Longtemps associé aux secteurs financier, agricole et forestier, le secteur coopératif est aujourd'hui présent dans de nouvelles sphères d'activité comme la culture, les nouvelles technologies et l'environnement.

«Dans la conjoncture actuelle, et compte tenu du succès des entreprises coopératives, il est décevant de constater qu'on n'accorde pas plus d'importance au modèle coopératif», dit Mme Bouchard, aussi titulaire de la Chaire de recherche du Canada en économie sociale.

Un meilleur écho du milieu scolaire

Tous constatent que l'enseignement du modèle coopératif se résume actuellement à très peu. Mais «il y a un meilleur écho des milieux scolaires, surtout depuis la tenue du Sommet des coopératives», note M. Bédard.

Le baccalauréat en administration de l'ESG UQAM comprend deux cours. L'un d'eux, «Simulation d'une gestion coopérative», permet aux étudiants d'expérimenter la formule de la coopérative de travail comme modèle d'entreprise économique. L'ESG offre aussi un programme court de deuxième cycle en gestion des entreprises sociales et collectives.

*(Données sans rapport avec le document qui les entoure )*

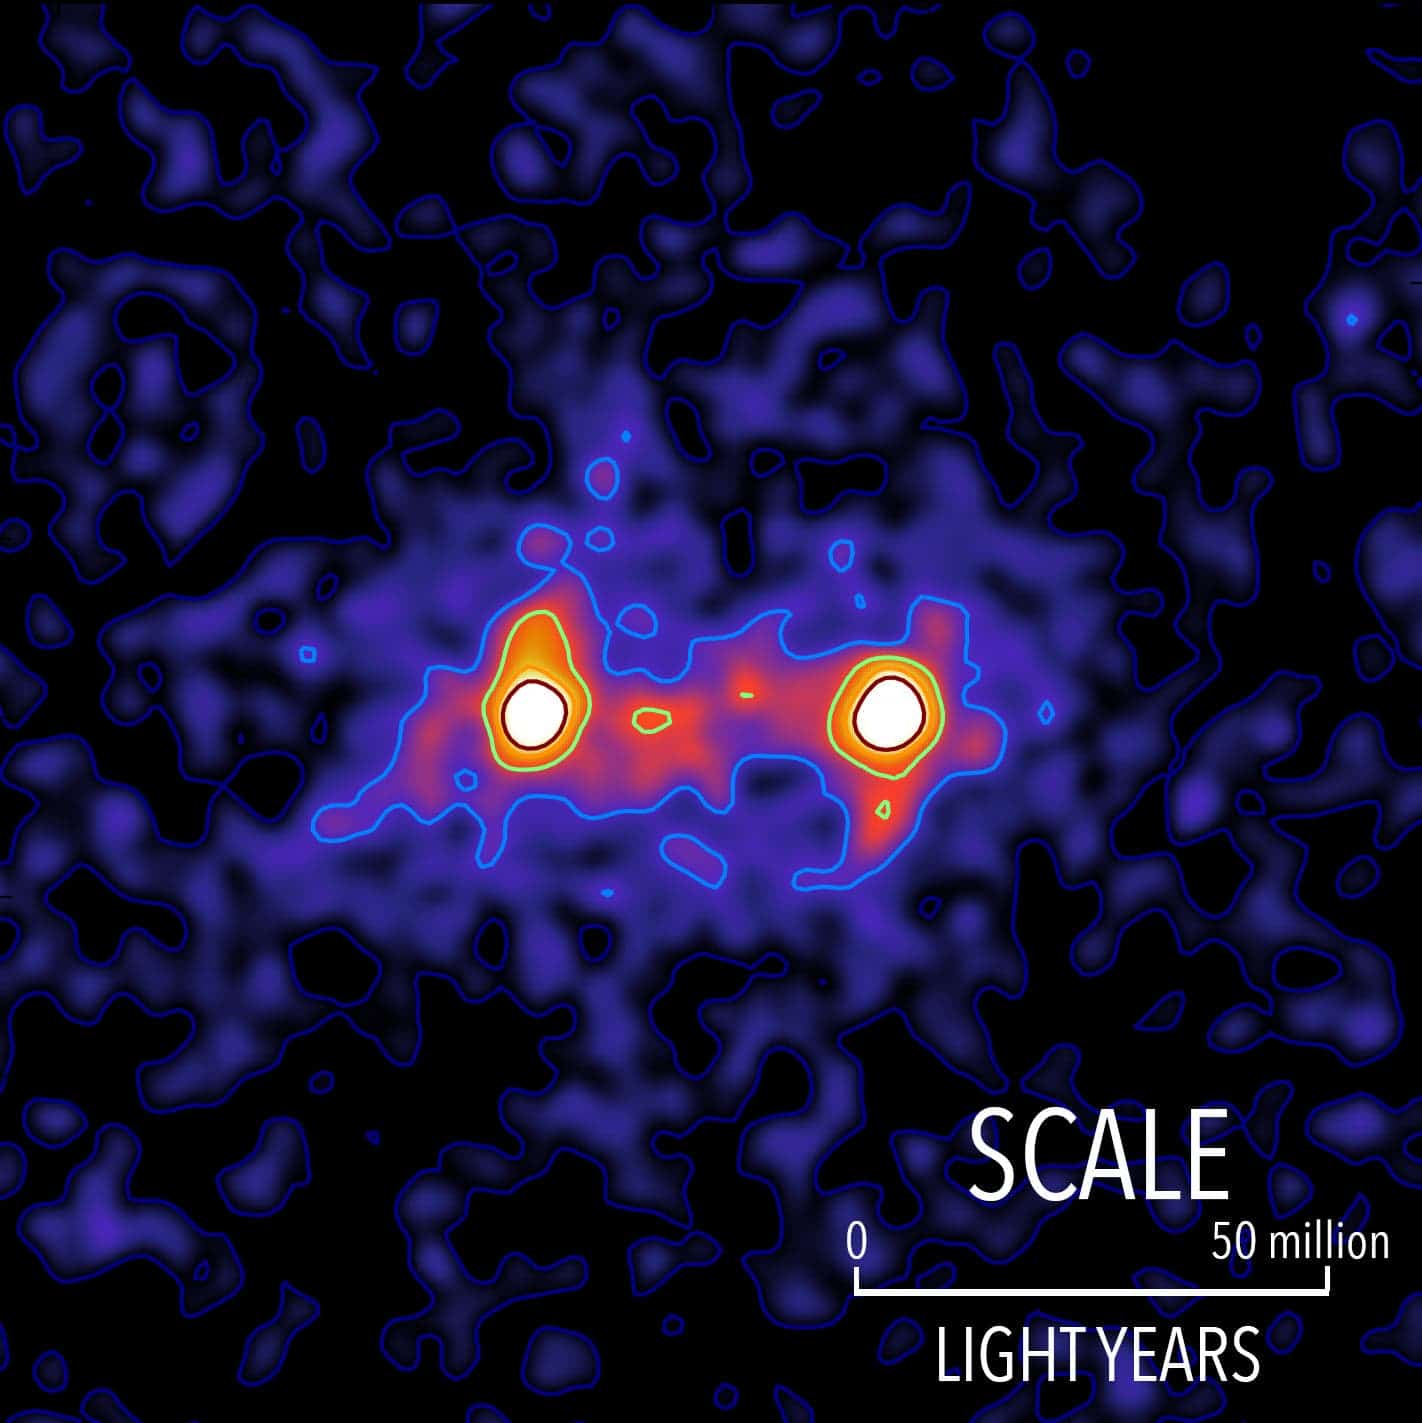 Dark matter filaments bridge the space between galaxies in this false colour map. Credit: S. Epps & M. Hudson / University of Waterloo

À l'Université de Sherbrooke, les étudiants au baccalauréat en administration des affaires, concentration en management, ont accès au cours (optionnel) «Gestion différenciée des coopératives».

On y offre aussi une maîtrise en gestion et gouvernance des coopératives et des mutuelles. «Ce n'est pas toujours facile de recruter et d'intéresser des étudiants», indique M. Lafleur.

Ce programme compte de 10 à 20 étudiants, selon les années. Seulement une poignée (10 à 15 %) est issue des programmes en administration. La plupart sont des étudiants ayant une formation autre, notamment en service social, agronomie ou foresterie.

SON COMMENTAIRE

La prise de conscience que suscite cet article est le premier ingrédient d'un mouvement qui devrait favoriser l'émergence des dimensions coopératives dans les programmes de collèges et d'universités, à tous les niveaux. Un parcours en administration des affaires, par exemple, devrait comporter au moins un volet portant sur le modèle coopératif et les occasions qu'il offre en matière d'entrepreneuriat collectif. Pourquoi ne pas en faire la promotion dans d'autres facultés comme l'une des solutions à des enjeux économiques et sociaux ? Je pense aux secteurs de la santé, du génie ou de l'agronomie...Les études de cas sur les entreprises coopératives doivent aussi faire partie du cursus universitaire. L'Université Harvard, par exemple, développe une étude sur la transformation de Desjardins, en 2009. Il n'y a pas que les grandes entreprises capitalistes qui se développent, qui créent des emplois ou qui passionnent.